■ EXERCISE ■
Repeat the lines from the one containing "003 Awful Catholic" through the last line of the data, exactly, pictures omitted.
##### STORED DATA #####
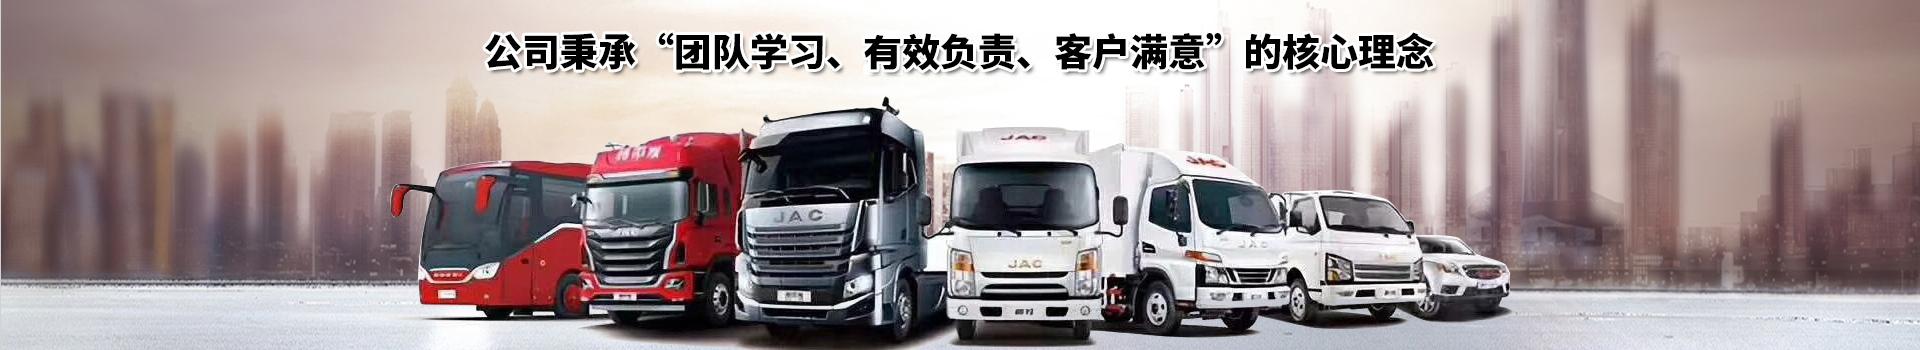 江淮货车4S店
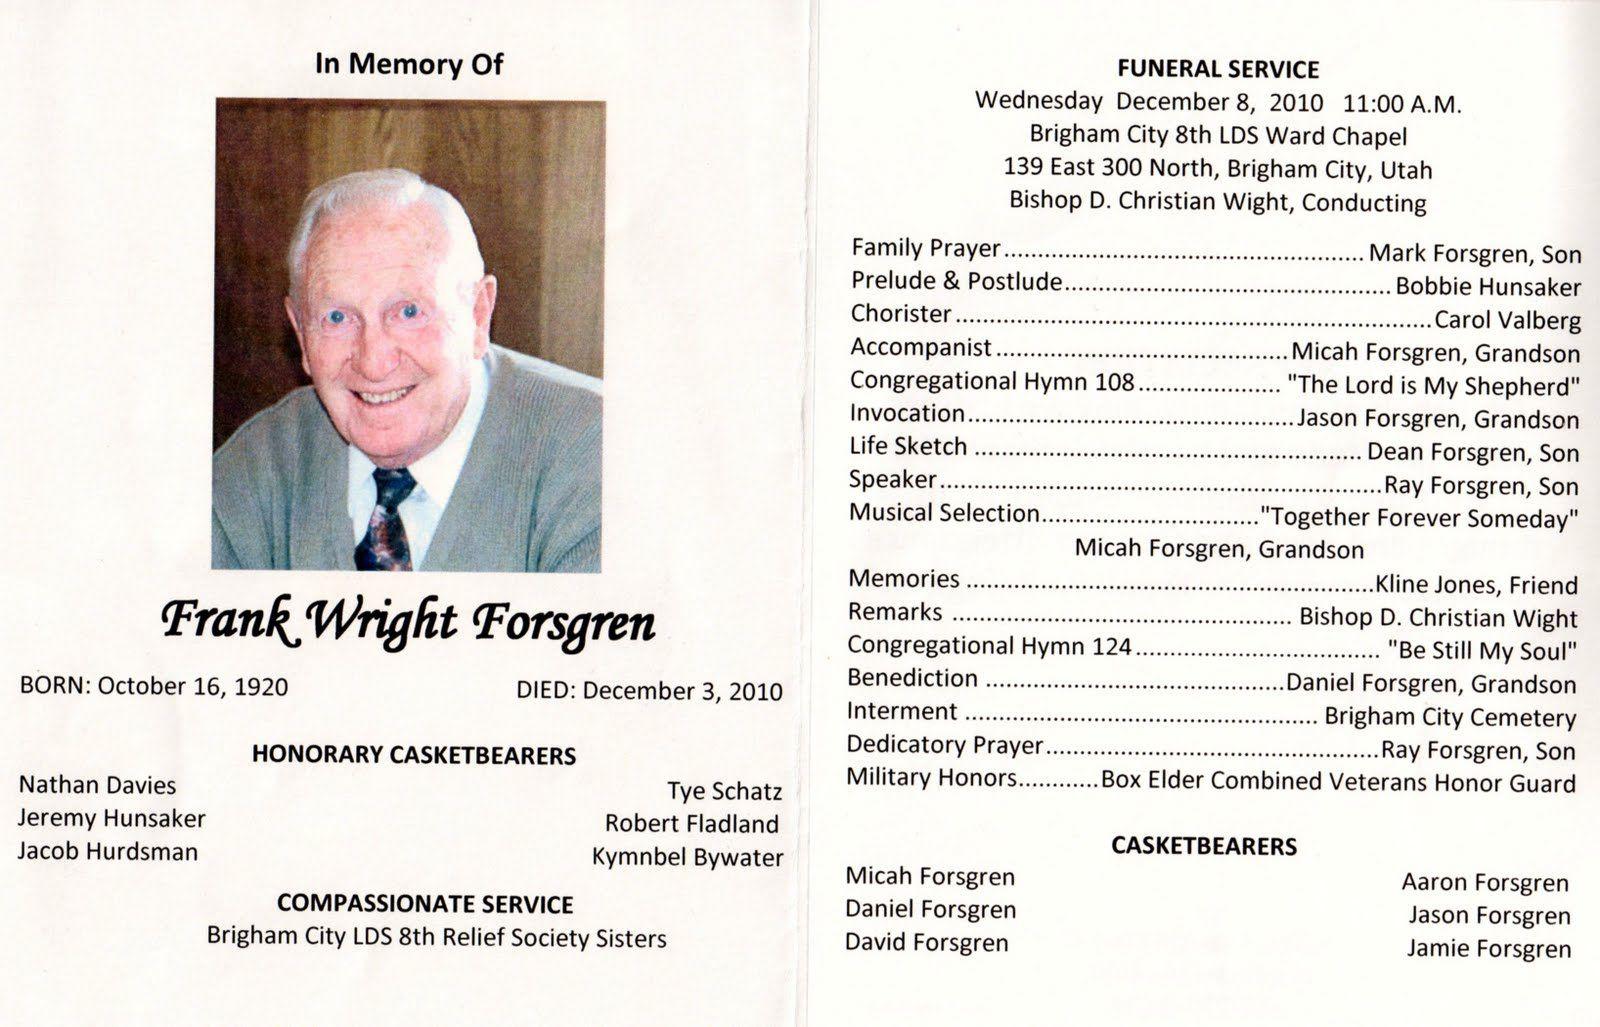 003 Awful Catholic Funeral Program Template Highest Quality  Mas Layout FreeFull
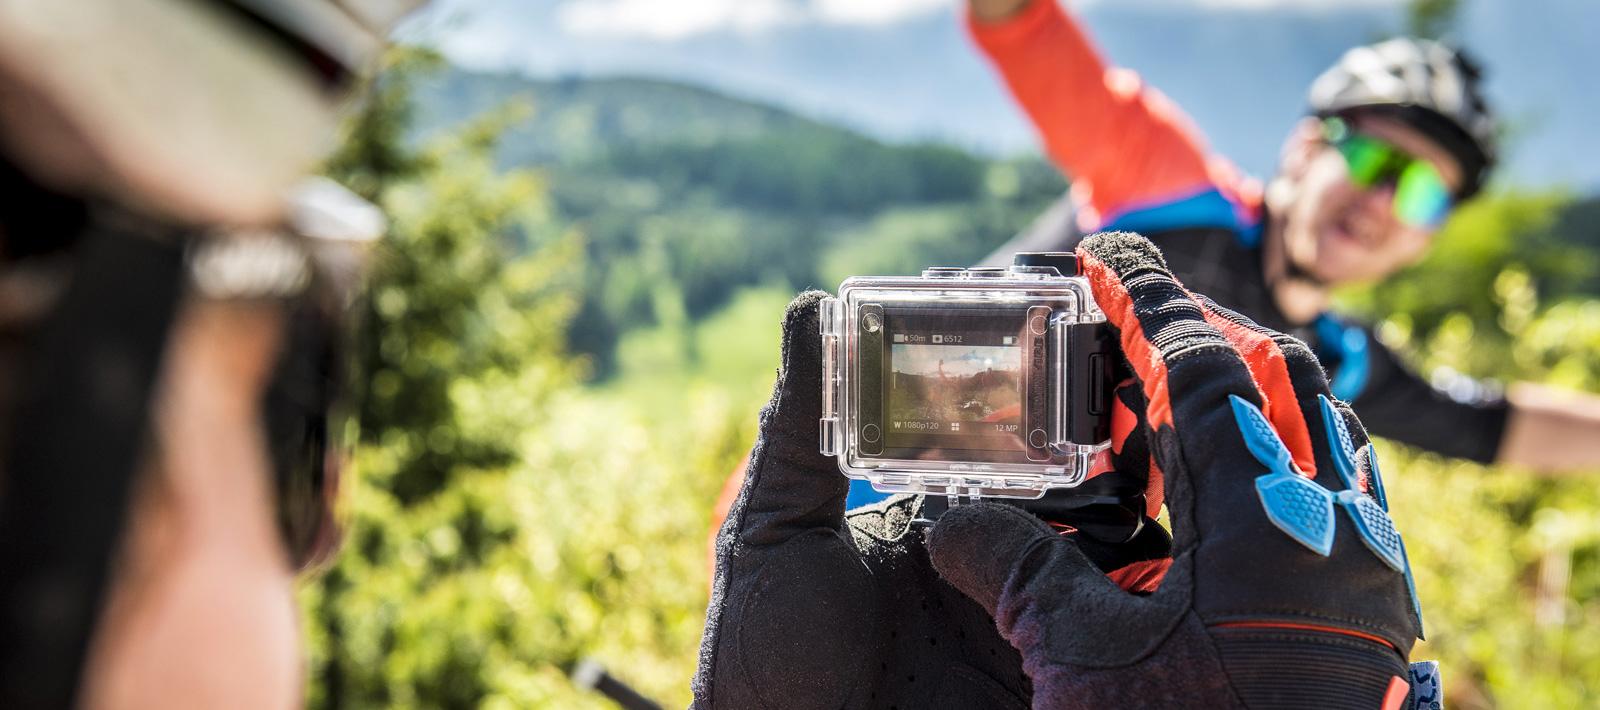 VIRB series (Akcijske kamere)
#####
■ RESULT OF THIS EXERCISE ■
 003 Awful Catholic Funeral Program Template Highest Quality  Mas Layout FreeFull
 VIRB series (Akcijske kamere)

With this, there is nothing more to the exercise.